**WORK ITEM**
Start at the line with "Mercedes 190 2.5" in the records below, stop at the line with "muscle flex", and return every line in that span exactly, the two end lines included.

EXTRACTED ENTRIES Block Start

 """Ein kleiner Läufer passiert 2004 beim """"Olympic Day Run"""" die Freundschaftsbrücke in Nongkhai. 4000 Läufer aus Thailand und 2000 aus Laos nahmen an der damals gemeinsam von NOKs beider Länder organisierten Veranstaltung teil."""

EXTRACTED ENTRIES Block End
EXTRACTED ENTRIES Block Start

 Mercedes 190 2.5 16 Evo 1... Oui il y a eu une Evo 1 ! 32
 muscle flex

EXTRACTED ENTRIES Block End
EXTRACTED ENTRIES Block Start

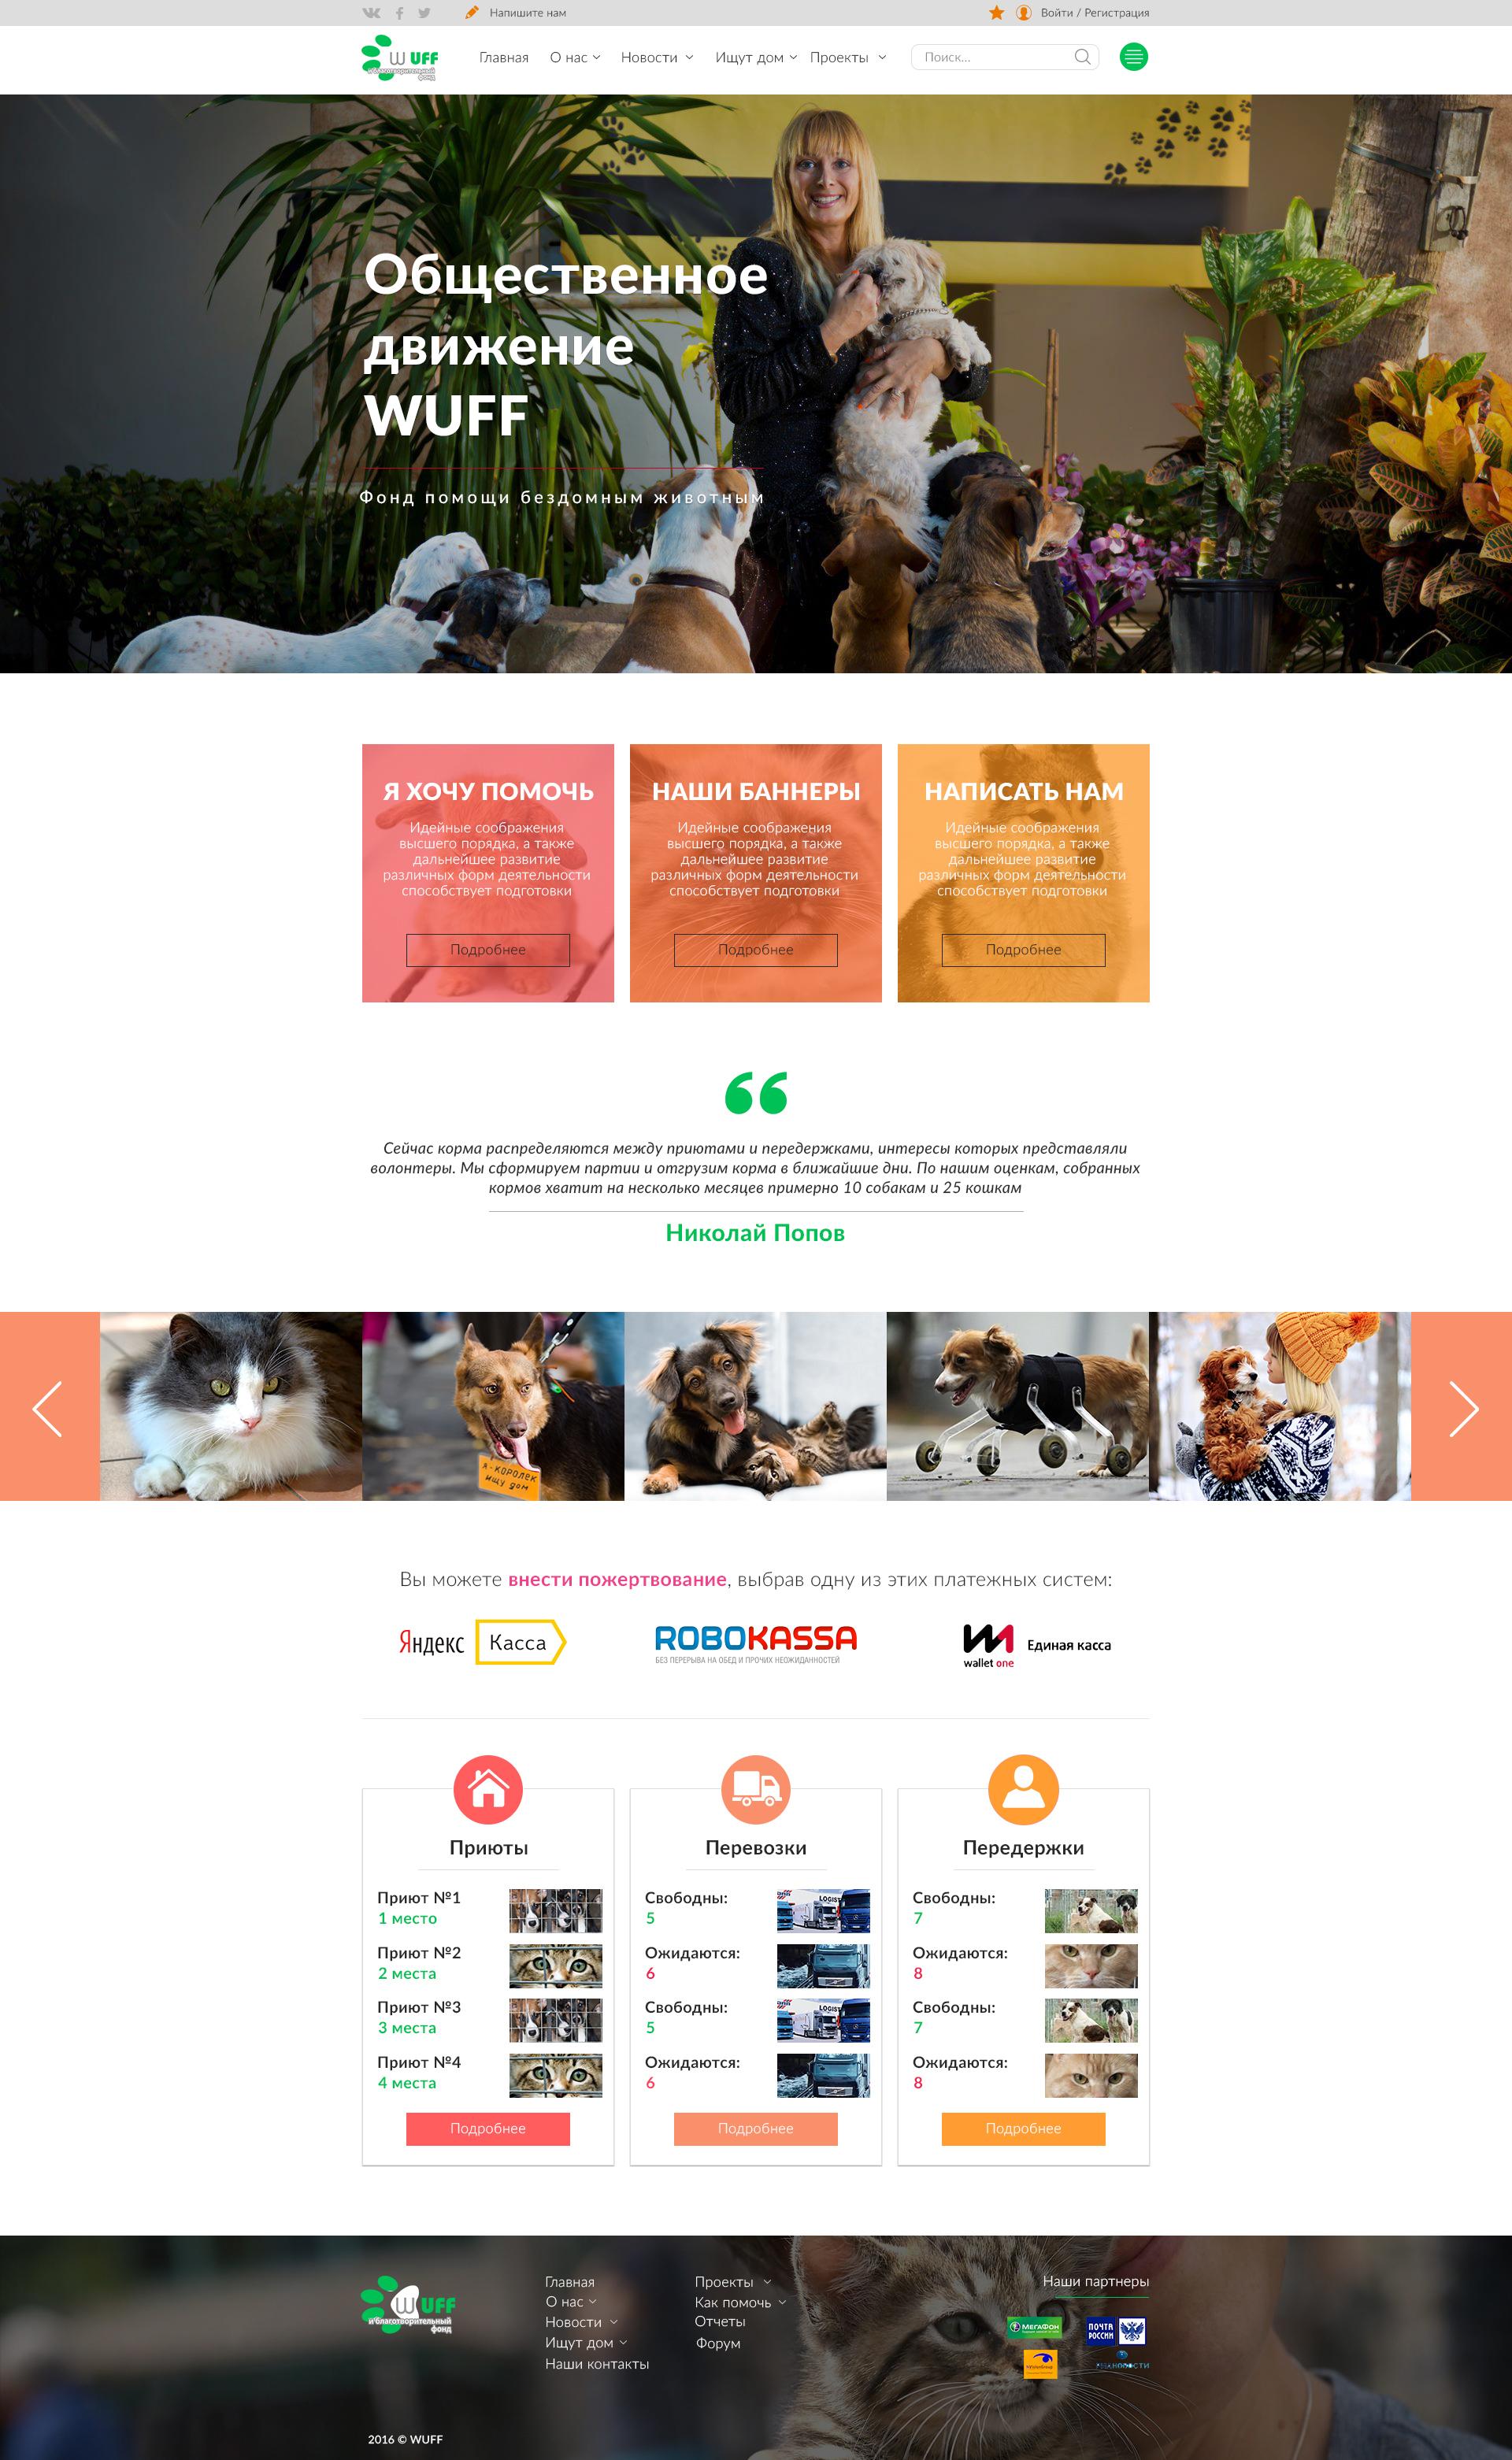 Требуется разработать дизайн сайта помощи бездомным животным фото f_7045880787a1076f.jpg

EXTRACTED ENTRIES Block End

**THE ANSWER**
 Mercedes 190 2.5 16 Evo 1... Oui il y a eu une Evo 1 ! 32
 muscle flex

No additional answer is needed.